What are the six Microsoft Responsible AI principles and what makes Fairness different from Inclusiveness?▼
The six principles are: Fairness, Reliability & Safety, Privacy & Security, Inclusiveness, Transparency, and Accountability. Fairness means the AI does not discriminate against groups of people — it gives everyone an equally fair chance of a helpful response. Example violation: a loan model that automatically declines people based on an irrelevant attribute (red hoodie). Inclusiveness means all users can effectively interact with the AI regardless of their abilities — sighted vs visually impaired, hearing vs hearing impaired. Example violation: a chatbot that works perfectly for sighted users but is unusable for visually impaired users. The distinction: Fairness is about whether the AI treats different groups equitably in its decisions. Inclusiveness is about whether all users can access and use the AI effectively regardless of their physical or cognitive abilities.
What are the three elements of an agent, and what is agent orchestration?▼
Every agent has three elements: (1) Model — the LLM or AI model that powers the agent's reasoning (the brain). Choice affects performance, cost, and reliability. (2) Instructions — the text defining who the agent is, who it serves, what it does, and how it behaves (the job description). (3) Tools — the connections to external systems and APIs that allow the agent to actually execute tasks — not just talk, but act (the hands). Agent orchestration is the practice of building multiple specialised agents that each perform one specific task, then connecting them so they work together as a system. Instead of one agent doing six tasks, build six agents doing one task each. This mirrors the parent/child flow pattern in Power Automate.

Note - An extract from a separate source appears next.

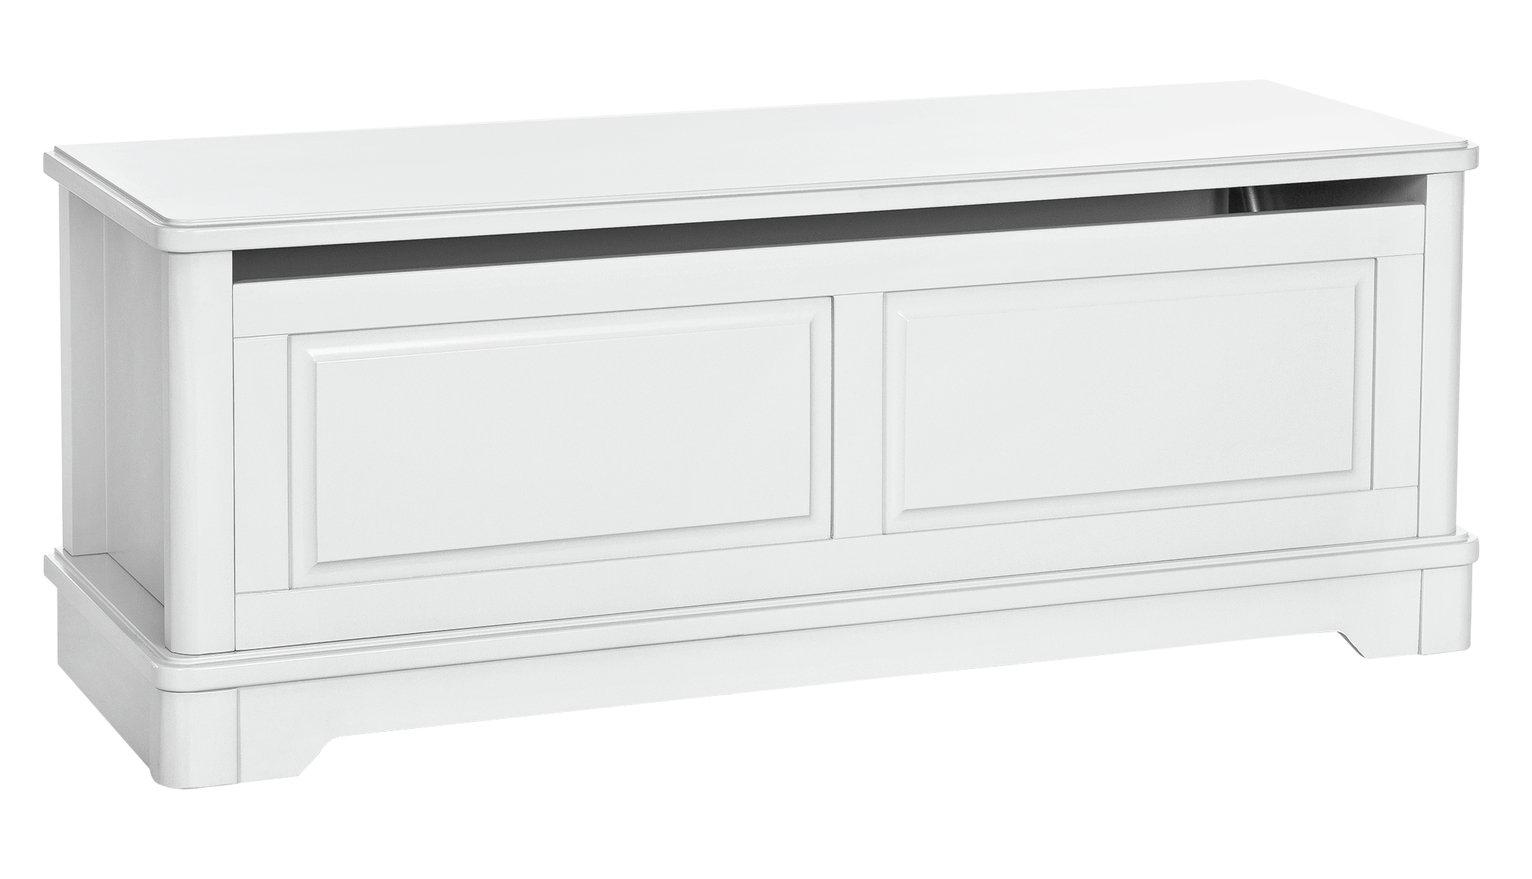 Argos Home Ashbourne Blanket Box - Soft White

What are the five pillars of the AI readiness framework, and which one is explicitly described as continuous?▼
The five pillars are: (1) Business Strategy — identifying the outcomes and KPIs your organisation cares about, before any AI discussion. (2) Technology & Data — preparing your data estate: breaking down silos, improving quality, ensuring clean/deduplicated/representative data, creating data dictionaries and access controls. This is the pillar explicitly described as continuous — data readiness is not a one-time exercise but an ongoing cycle of hygiene. (3) AI Strategy & Experience — starting small, tightly scoped pilots with 6–12 week timelines, clear success criteria, and fast iteration loops. (4) Organisational & Culture — leading from the top, building diverse cross-functional teams, embedding AI goals in performance reviews, building executive sponsorship. (5) AI Governance — covering data governance, AI governance (managing model risks), and regulatory governance (legal compliance and ethics).